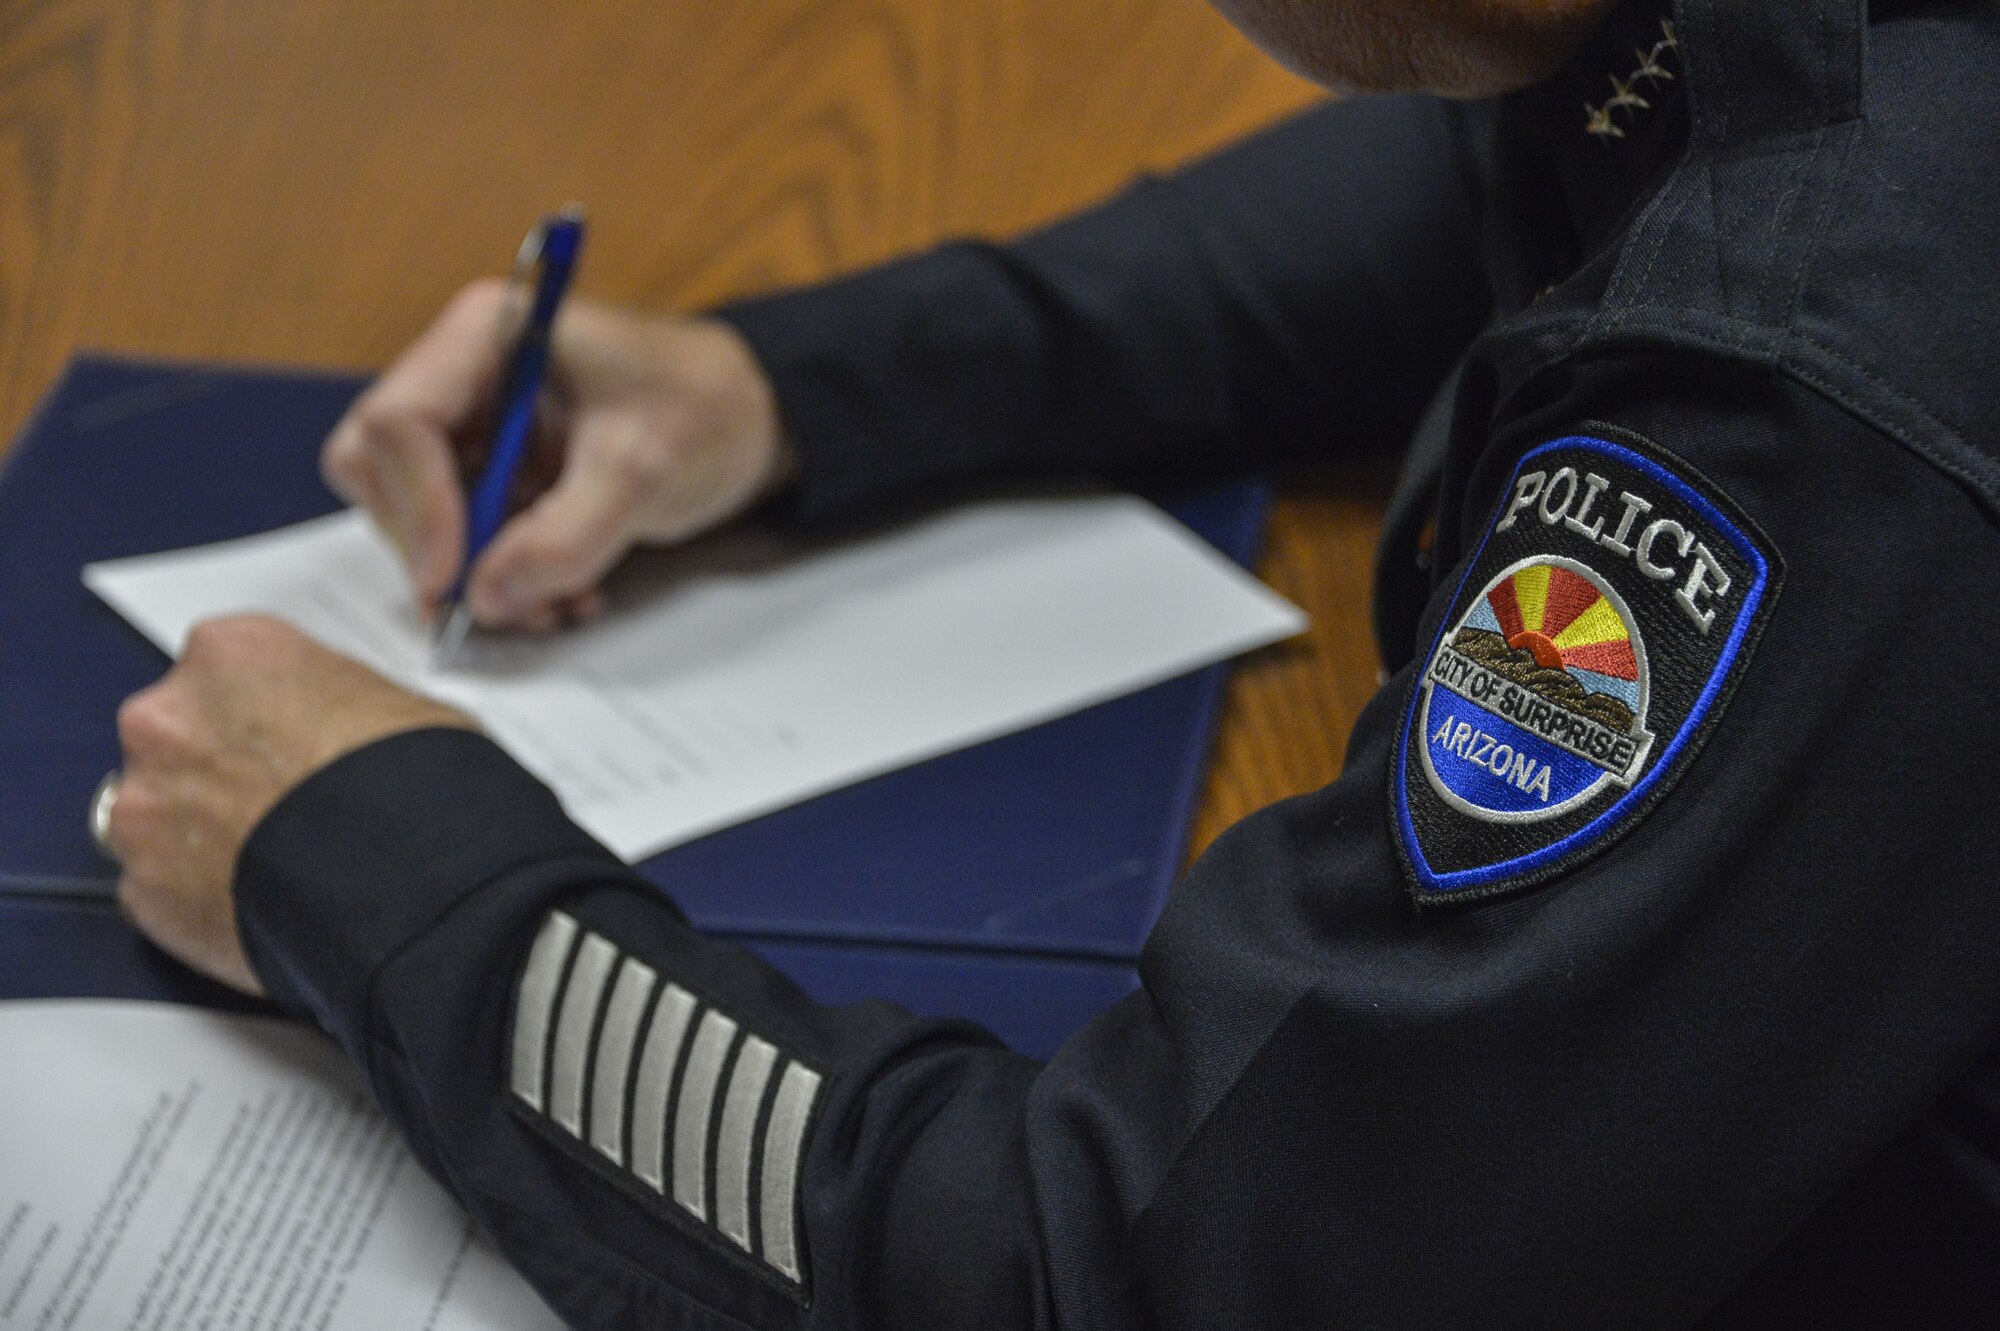 Terry Young, Surprise Police Department police chief, signs the Emergency Vehicle Operators Course Memorandum of Understanding at Luke Air Force Base, Ariz., Jan. 10, 2018. The memorandum allows El Mirage, Peoria and Surprise police departments, in conjunction with 56th SFS members, to train and utilize space and resources at Luke. (U.S. Air Force photo/Airman 1st Class Caleb Worpel)
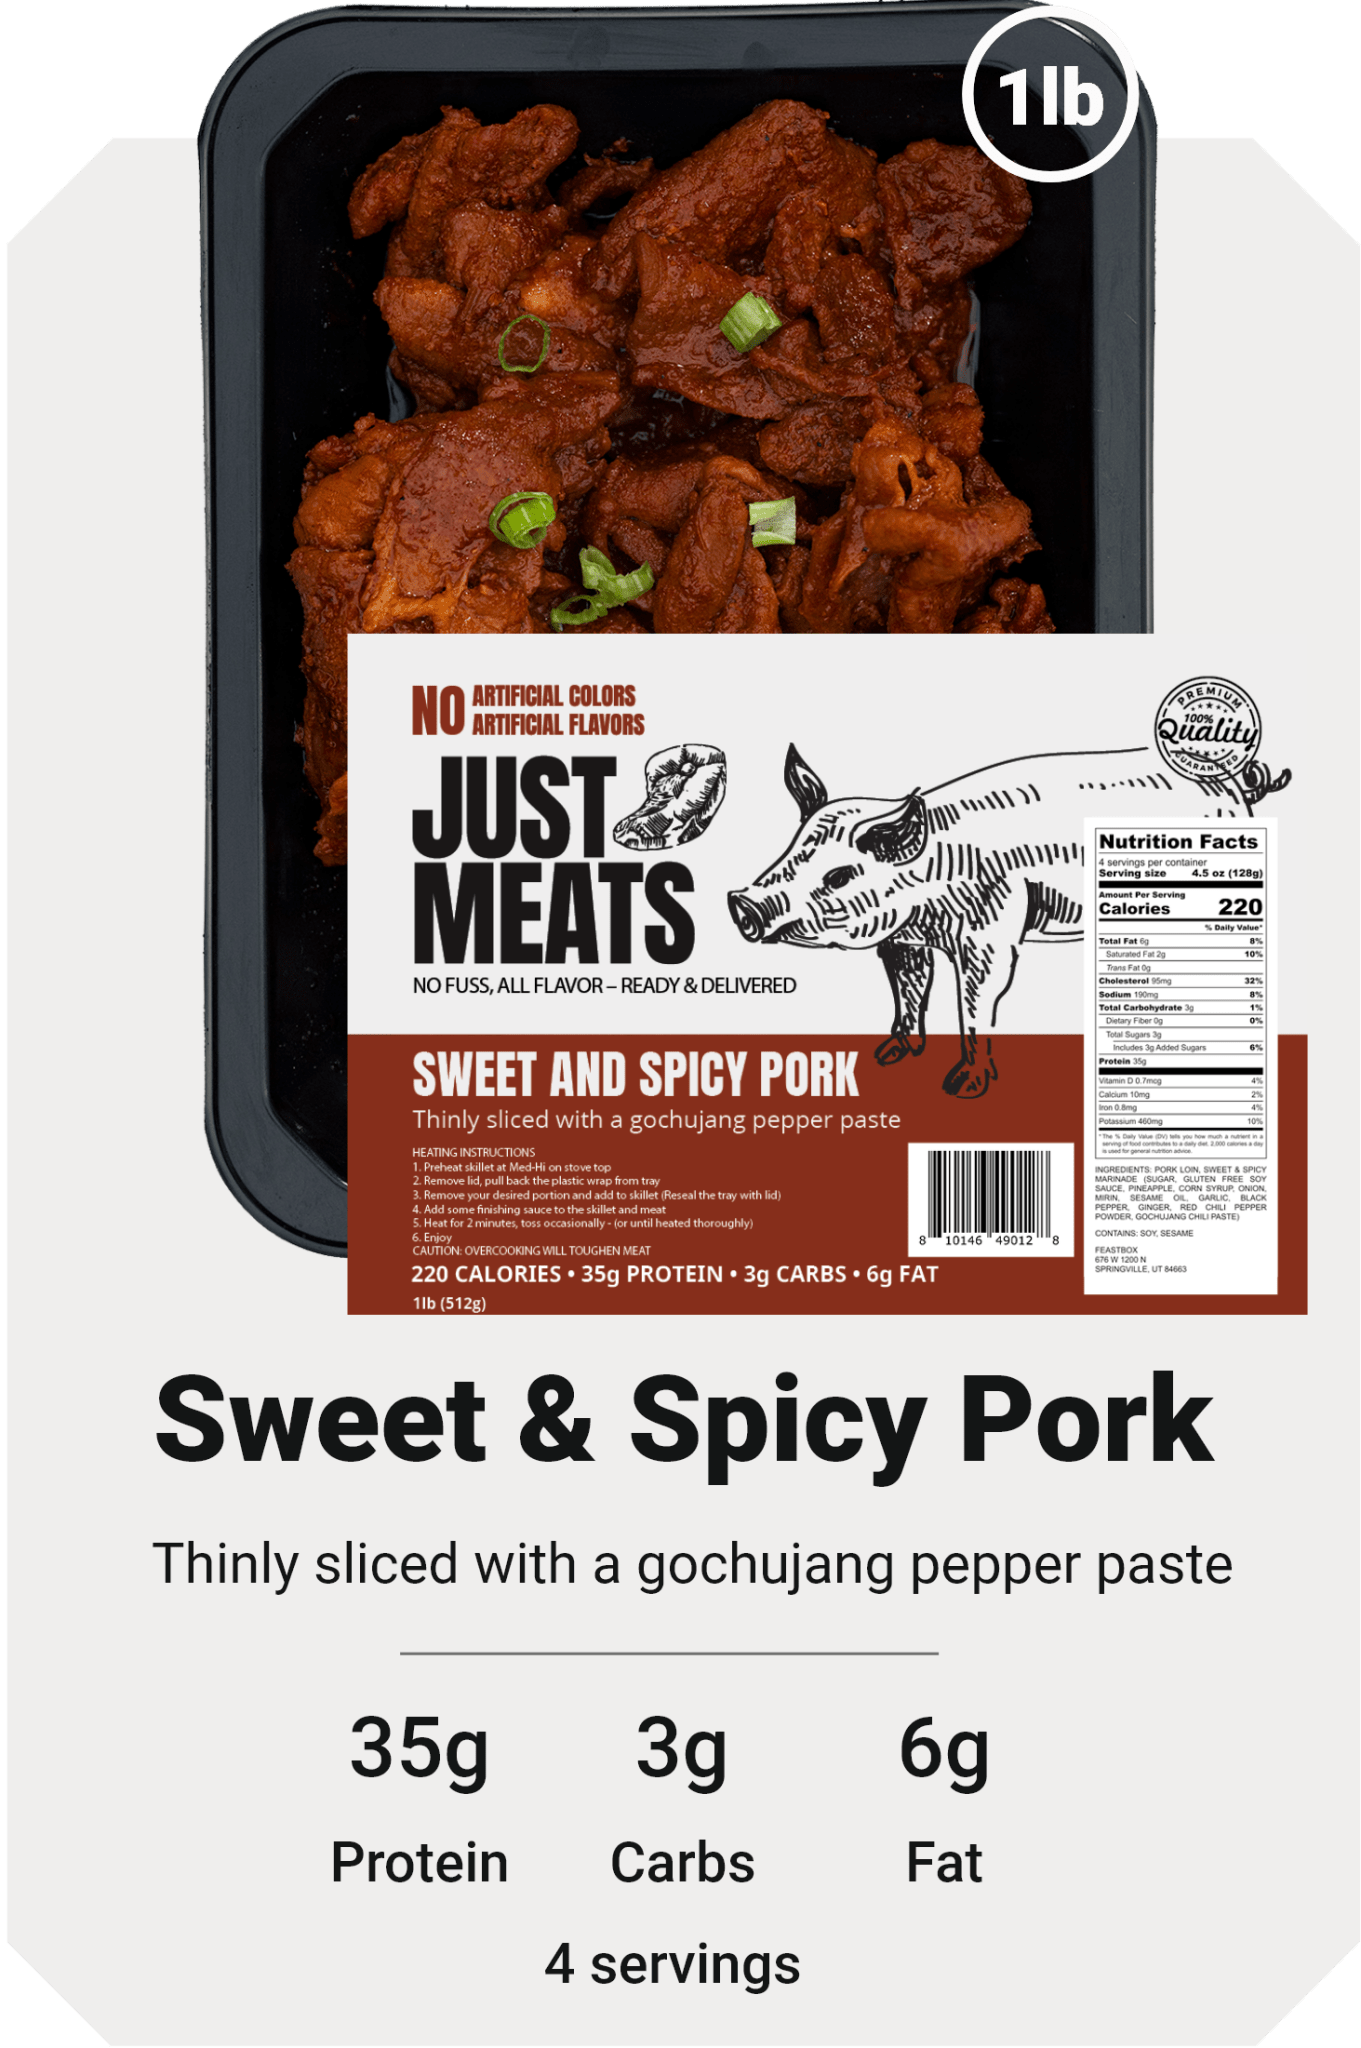 Sweet and Spicy Pork
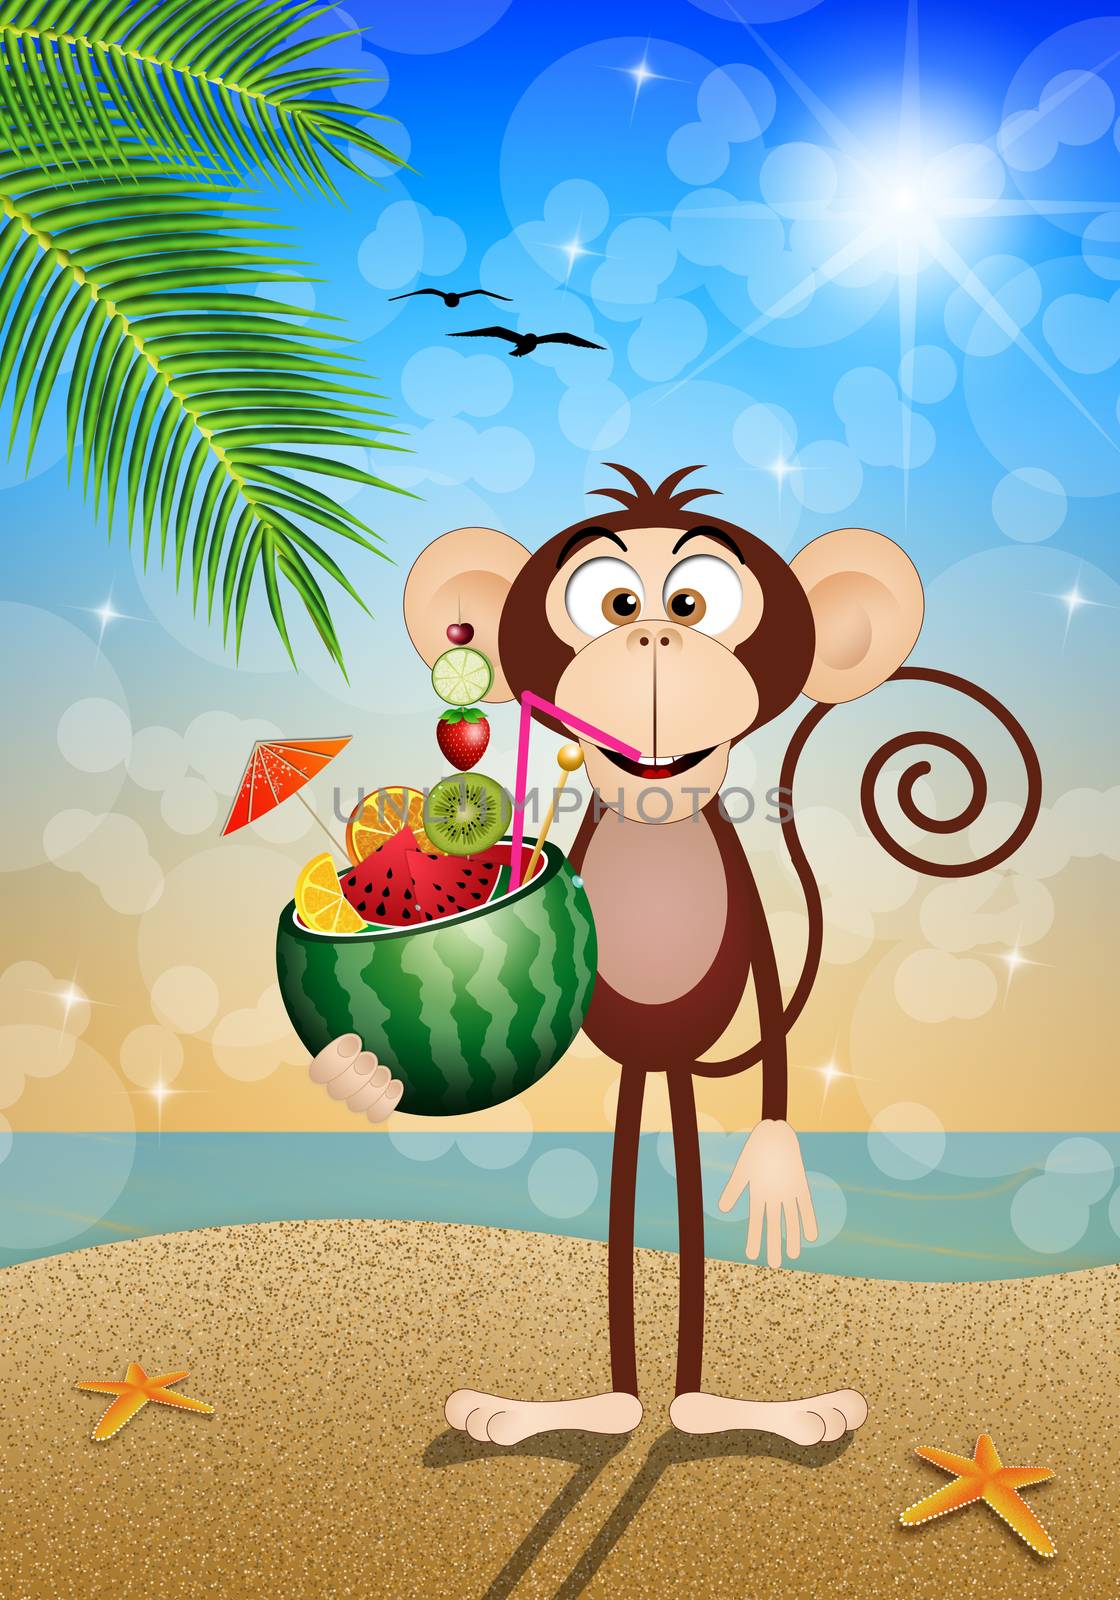 Monkey with watermelon on the beach by sognolucido
####
TASK TO CARRY OUT -> Retype the whole of the data verbatim. Skip every picture.

RESPONSE ->
 Terry Young, Surprise Police Department police chief, signs the Emergency Vehicle Operators Course Memorandum of Understanding at Luke Air Force Base, Ariz., Jan. 10, 2018. The memorandum allows El Mirage, Peoria and Surprise police departments, in conjunction with 56th SFS members, to train and utilize space and resources at Luke. (U.S. Air Force photo/Airman 1st Class Caleb Worpel)
 Sweet and Spicy Pork
 Monkey with watermelon on the beach by sognolucido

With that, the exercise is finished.